WHAT YOU WILL DO
Print out the full material below, exact in every line, with no images included.

DATASET CONTENT
▶
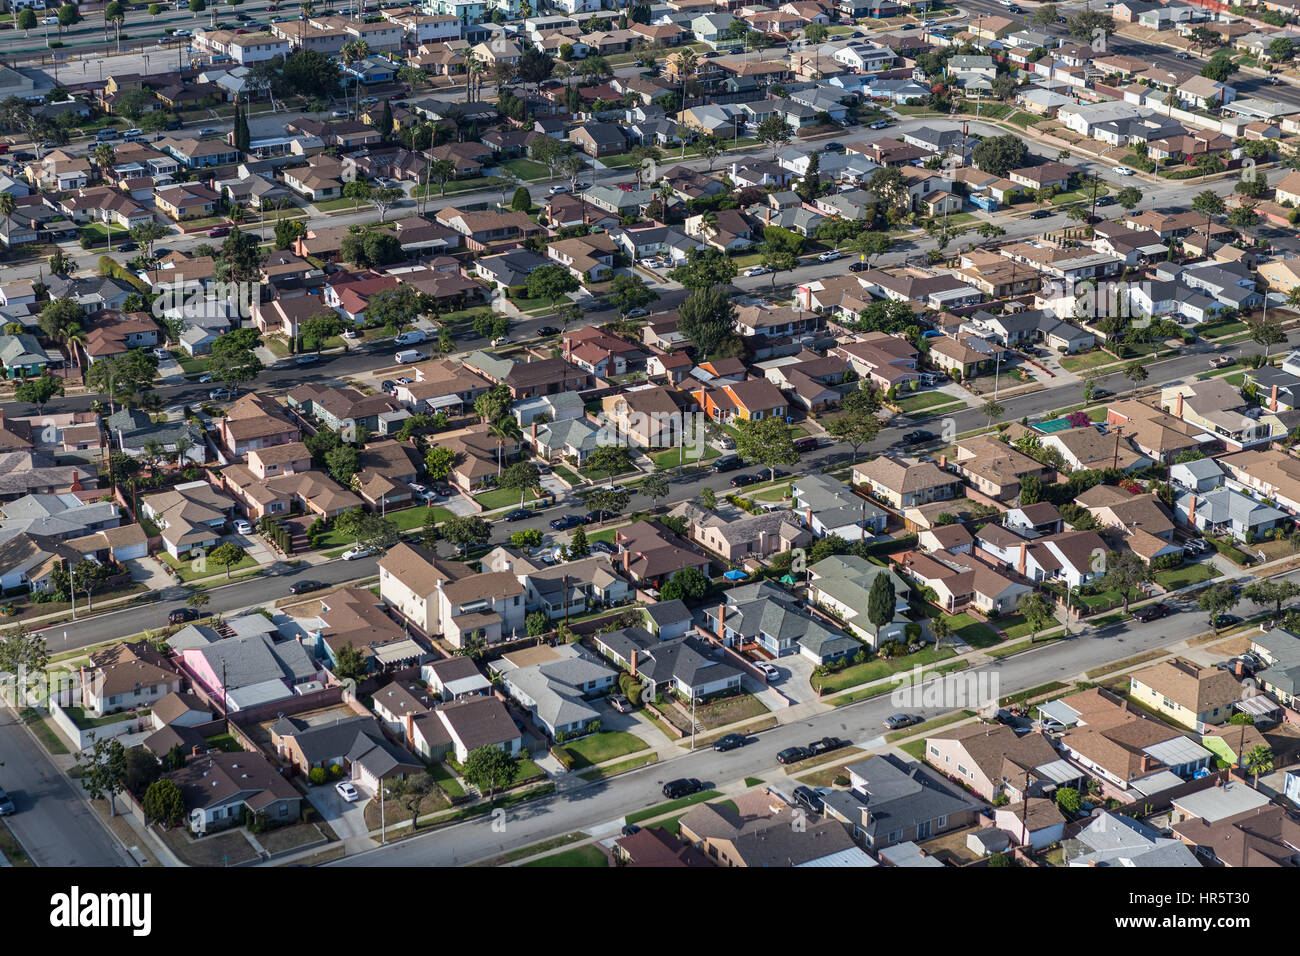 Los Angeles, California, Stati Uniti d'America - 6 Agosto 2016: Pomeriggio Vista aerea del vecchio centro della classe strade residenziali nella Contea di Los Angeles. Foto Stock
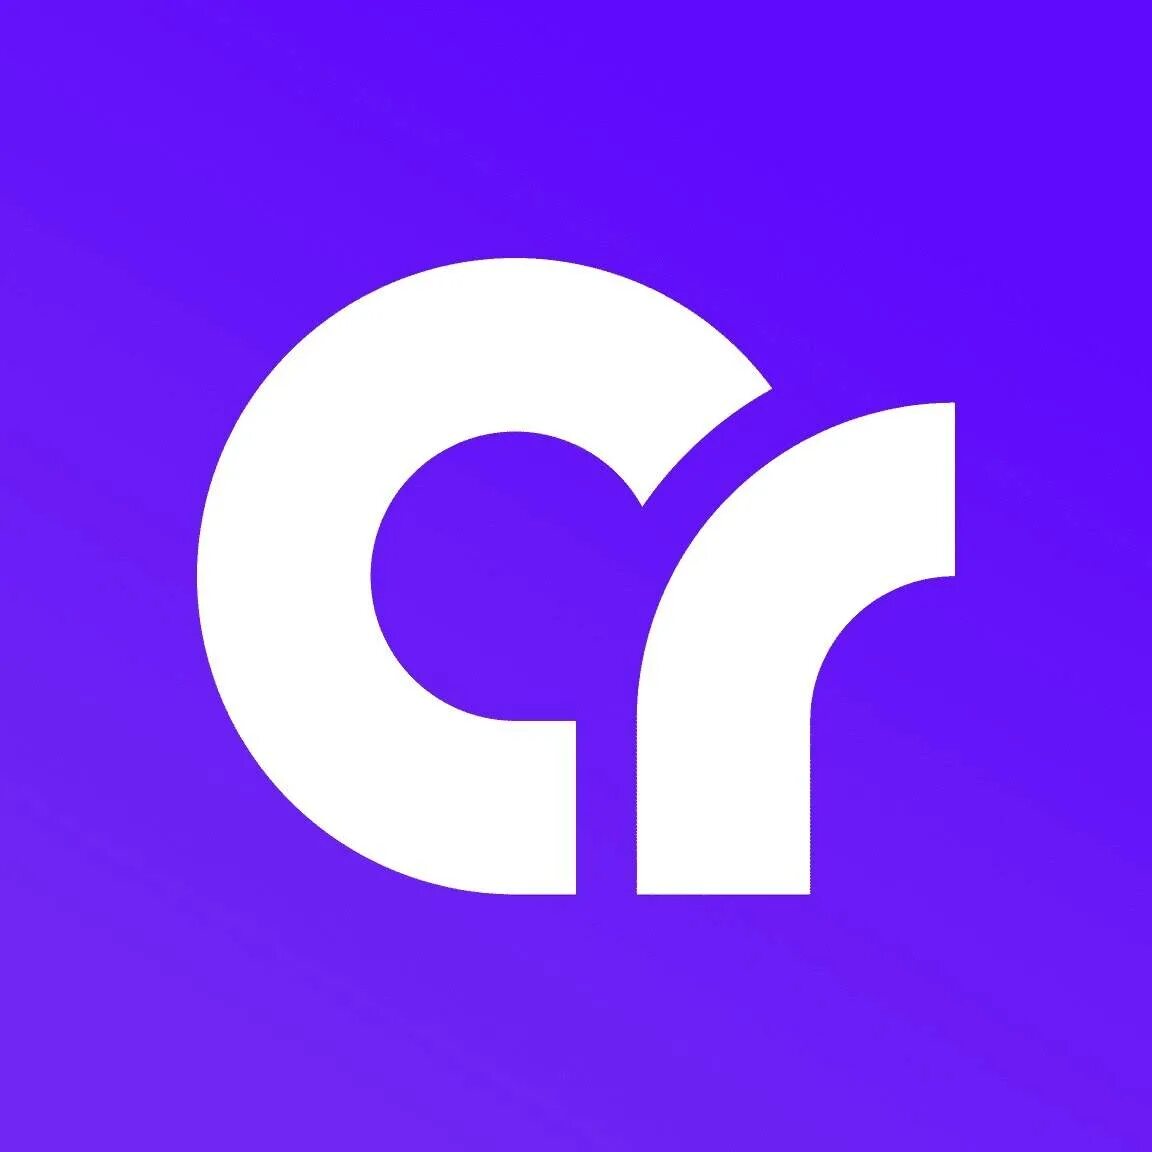 Craftum. Creatium. Creatium лого. Креатиум конструктор. CRAFTUM логотип.
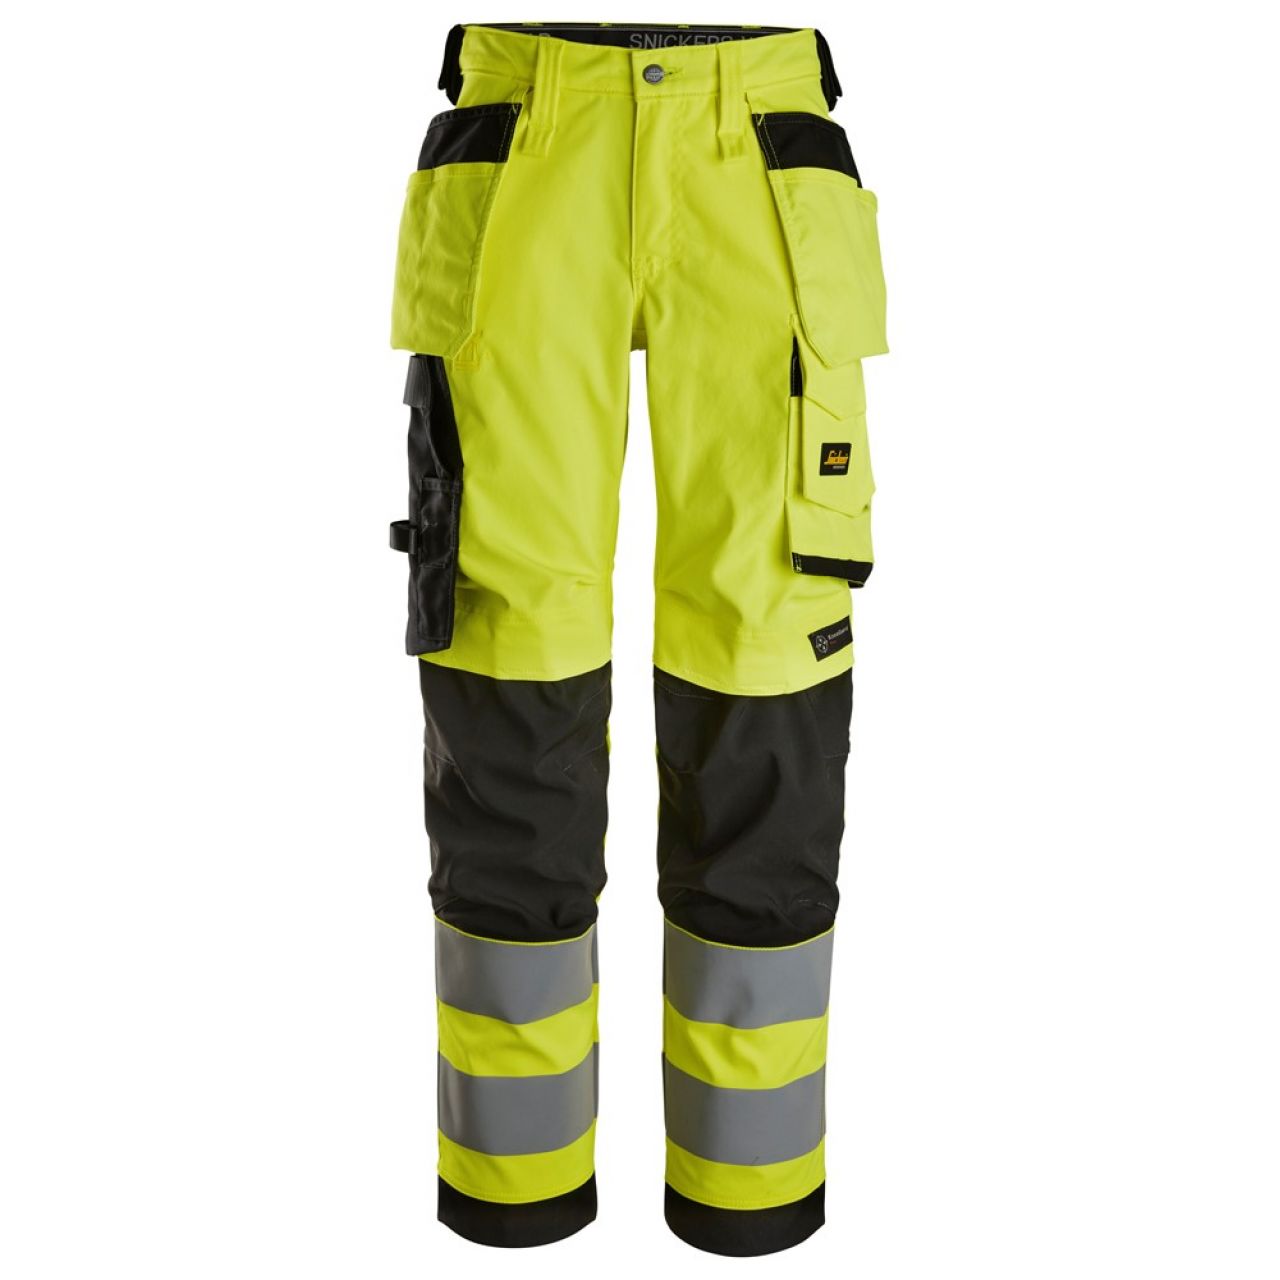 6743 Pantalones largos de trabajo elásticos de alta visibilidad clase 2 para mujer con bolsillos flotantes amarillo-negro talla 20
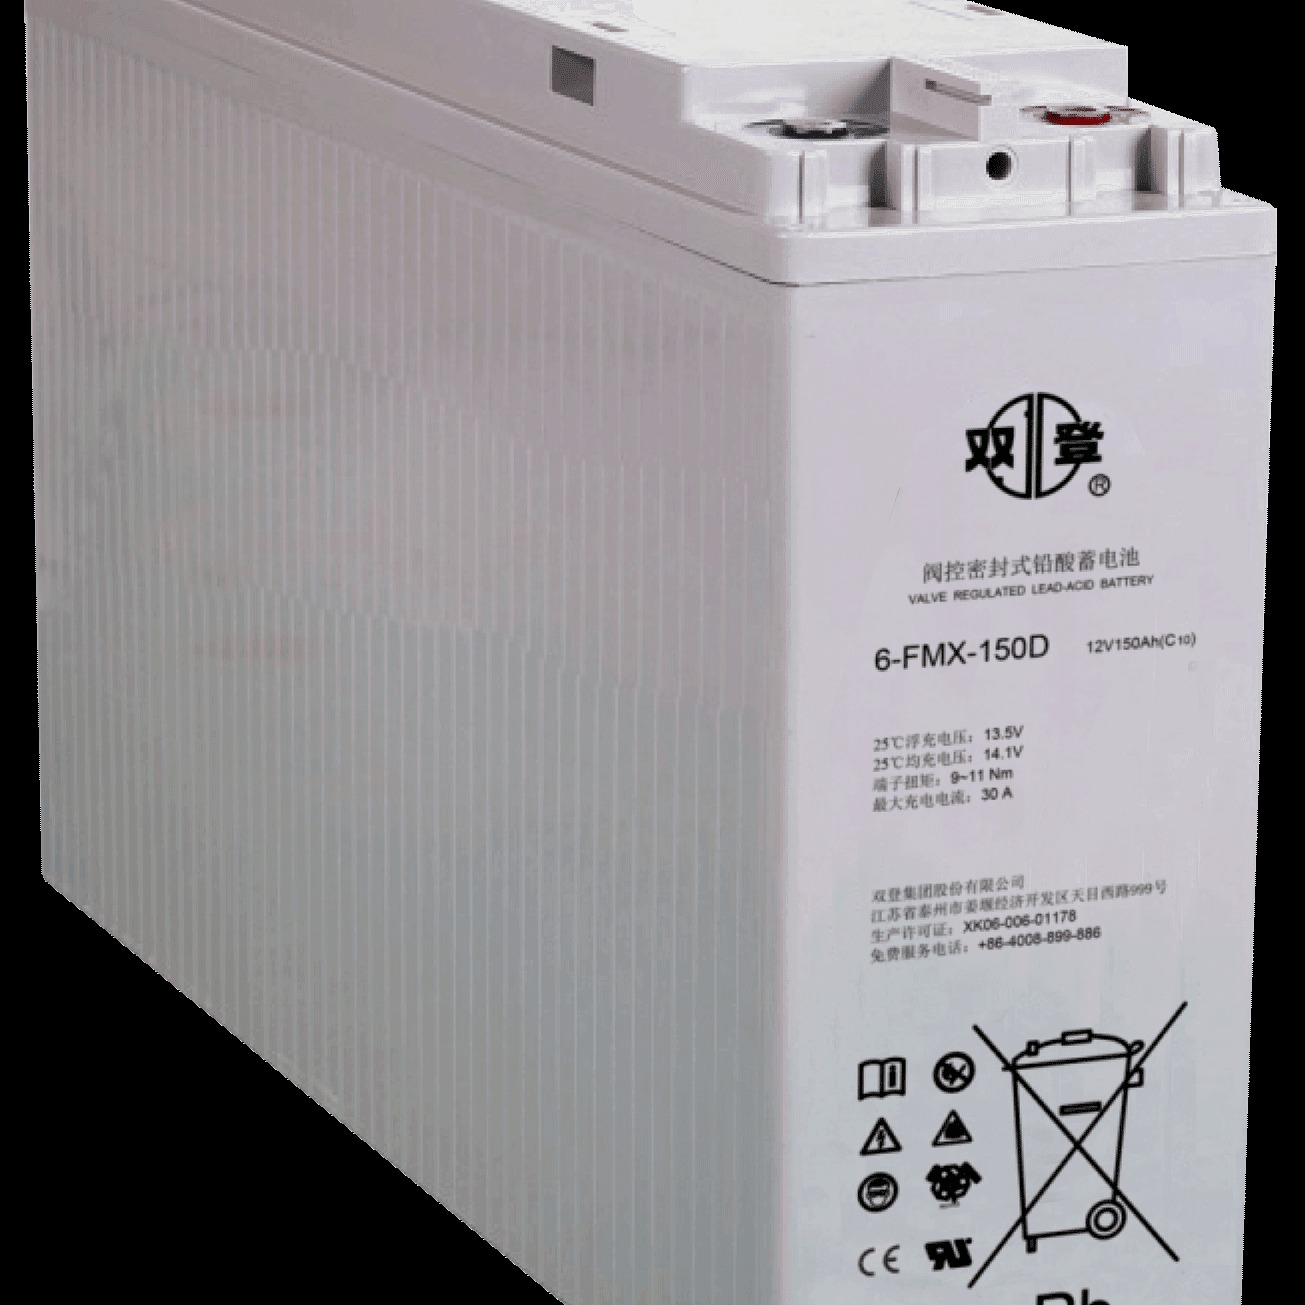 双登蓄电池6-FMX-150D 阀控密封式铅酸蓄电池12V150AH 通信 基站 UPS电源专用 现货供应
◀
EXERCISE ANSWER
 Los Angeles, California, Stati Uniti d'America - 6 Agosto 2016: Pomeriggio Vista aerea del vecchio centro della classe strade residenziali nella Contea di Los Angeles. Foto Stock
 Craftum. Creatium. Creatium лого. Креатиум конструктор. CRAFTUM логотип.
 6743 Pantalones largos de trabajo elásticos de alta visibilidad clase 2 para mujer con bolsillos flotantes amarillo-negro talla 20
 双登蓄电池6-FMX-150D 阀控密封式铅酸蓄电池12V150AH 通信 基站 UPS电源专用 现货供应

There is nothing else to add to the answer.